In the darkness before dawn this morning, the Mexican marines stormed into the house in northwestern Mexican city of Los Mochis, confronting drug cartel gunmen armed with a grenade launcher and 50-caliber machine guns.
They shot five dead, but the central target, the drug kingpin Joaquin “El Chapo,” Guzman, appeared to have escaped through the back, possibly through a drain.
After Guzman and some associates reportedly highjacked a car, the owner contacted the police, which led the marines to a nearby hotel.
The marines burst into a room to surprise the 58-year-old drug lord, filthy and exhausted from his time on the run. Guzman surrendered.
The marines had recaptured the world’s most wanted drug trafficker, six months after his escape from Mexico’s top security prison, giving a much-needed victory to President Enrique Pena Nieto. “Mission Accomplished,” Pena Nieto wrote in a tweet after news of the operation became public. “We have him.”
The recapture of Guzman is the latest and most important in a series of major busts and takedowns by the Mexican marines who, trained by the U.S. military and working closely with American agents, have become an elite force in the nation’s drug war.
During the drug war, which has stretched on for a decade, the marines have made major seizures of cocaine, ripped up meth labs and shot dead or arrested more than a drug dozen kingpins. And they have already caught Guzman twice.
The drug lord had first escaped prison in 2001 and remained on the lam for 13 years before the marines nabbed him in the seaside resort of Mazatlan in 2014. He was in prison for almost a year and a half when he escaped again last July, embarrassing Pena Nieto.
“The Mexican marines have really stepped up in this battle,” said Mike Vigil, the former head of international operations for the U.S. Drug Enforcement Administration (DEA), who has worked with the Mexican marines as a security consultant. “They are more college educated than the regular soldiers. They have better intelligence and this can lead to more surgical operations.”
At least some of that is due to American help. U.S. diplomatic cables, made public by Wikileaks, detail how the marines were “extensively trained” with the U.S. Northern Command, the Pentagon’s joint operations center in Colorado, which focuses on North America.
While Mexico has mobilized up to 96,000 regular soldiers to fight the cartels, along with 37,000 federal police, there have been just 16,000 marines in the field. But those marines have been involved in many of the most high-profile operations.

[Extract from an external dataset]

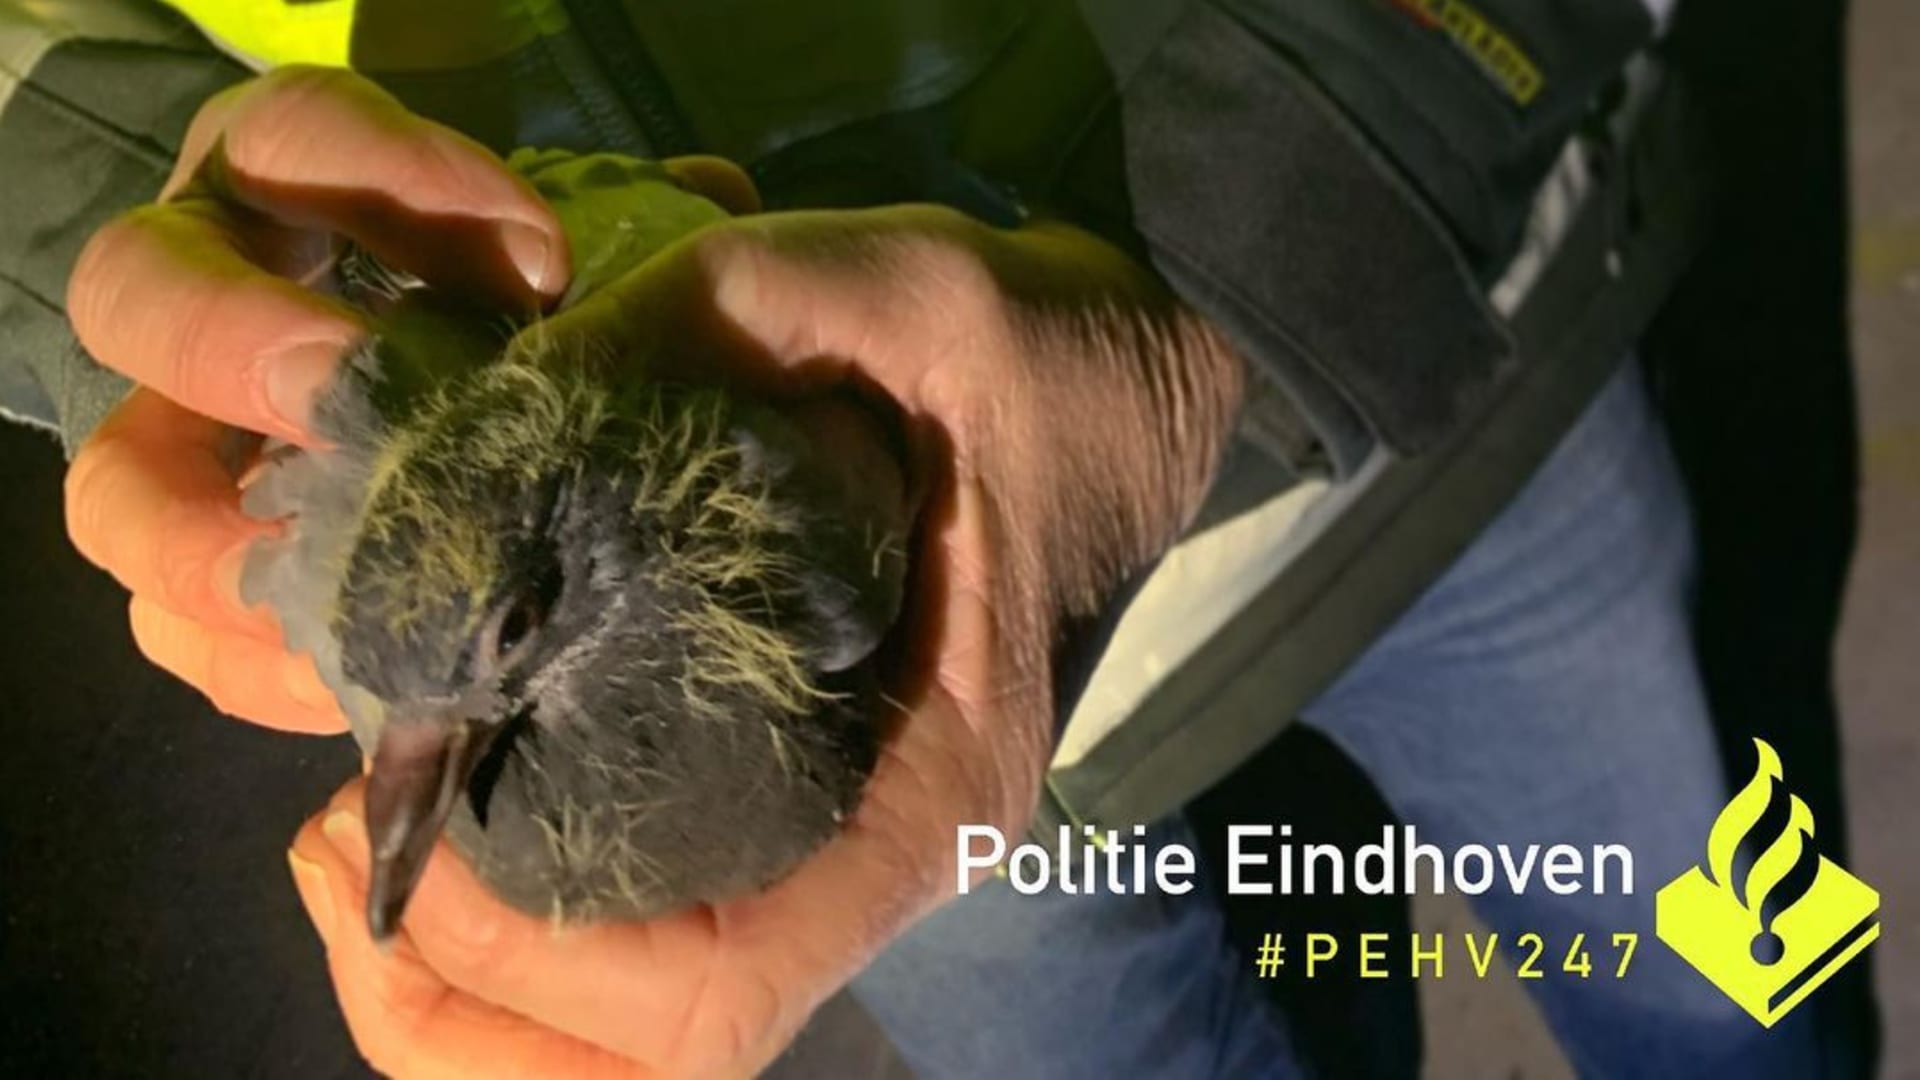 Vijf uitgehongerde duiven gered uit afgesloten pand in Eindhoven

In 2007, they stormed a ship docked by the port of Manzanillo to seize 23,562 kilo bricks of cocaine. It was almost certainly the biggest cocaine seizure ever, worth more than $2 billion on the streets of the United States.
Despite the name, the marines spend most of their time on dry land.
They often engage in raging firefights with heavily-armed cartel killers.
In one battle in Nov. 2010 in the border city of Matamoros, Mexican marines carried out a firefight for eight hours in which cartel operatives threw more than 300 grenades at them. Three marines, a regular soldier and four cartel operatives died, including their target, the Gulf Cartel boss Antonio Ezequiel Cárdenas, alias Tony Tormenta.
In another battle in 2009, marines used DEA intelligence to track down drug trafficker Arturo Beltran Leyva, known as “the Beard,” a former associate turned rival of Guzman, to an apartment in the spa town of Cuernavaca.
They shot dead the kingpin and four of his cohorts, winning praise from the U.S. embassy.
“The successful operation against ABL (Arturo Beltran Leyva) comes on the heels of an aggressive SEMAR (marines) effort in Monterrey against Zeta forces and highlights its emerging role as a key player in the counternarcotics fight,” it said in a diplomatic cable to Washington following that battle.
“SEMAR (the marines) is well-trained, well-equipped, and has shown itself capable of responding quickly to actionable intelligence. Its success puts the army in the difficult position of explaining why it has been reluctant to act on good intelligence and conduct operations against high-level targets.”
The marines’ successes have not been without great cost—for the soldiers and their families.
After a marine was killed in the takedown of Beltran Leyva, the Mexican government made the mistake of giving the dead soldier a public funeral with a gun salute—which meant he could be identified.
Cartel killers took revenge at a candle-lit vigil for the marine in Tabasco state. They murdered his mother, brother, sister and aunt. On another occasion, members of the Zetas kidnapped four marines in Veracruz state, and tortured and killed them on video.
Despite their losses, the marines have racked up victories, the most notable of which is the recapture of Guzman. The operation surely provides immense relief for Pena Nieto after Guzman’s embarrassing escape in July, in which the drug lord reportedly left his cell through a mile-long tunnel equipped with electric lights and air vents.
A smiling Pena Nieto was on hand to announce today’s arrest, saying it vindicated Mexico’s beleaguered security forces. “Our institutions have shown one more time that citizens can trust in them,” Pena Nieto said. “They can fulfill their mission.”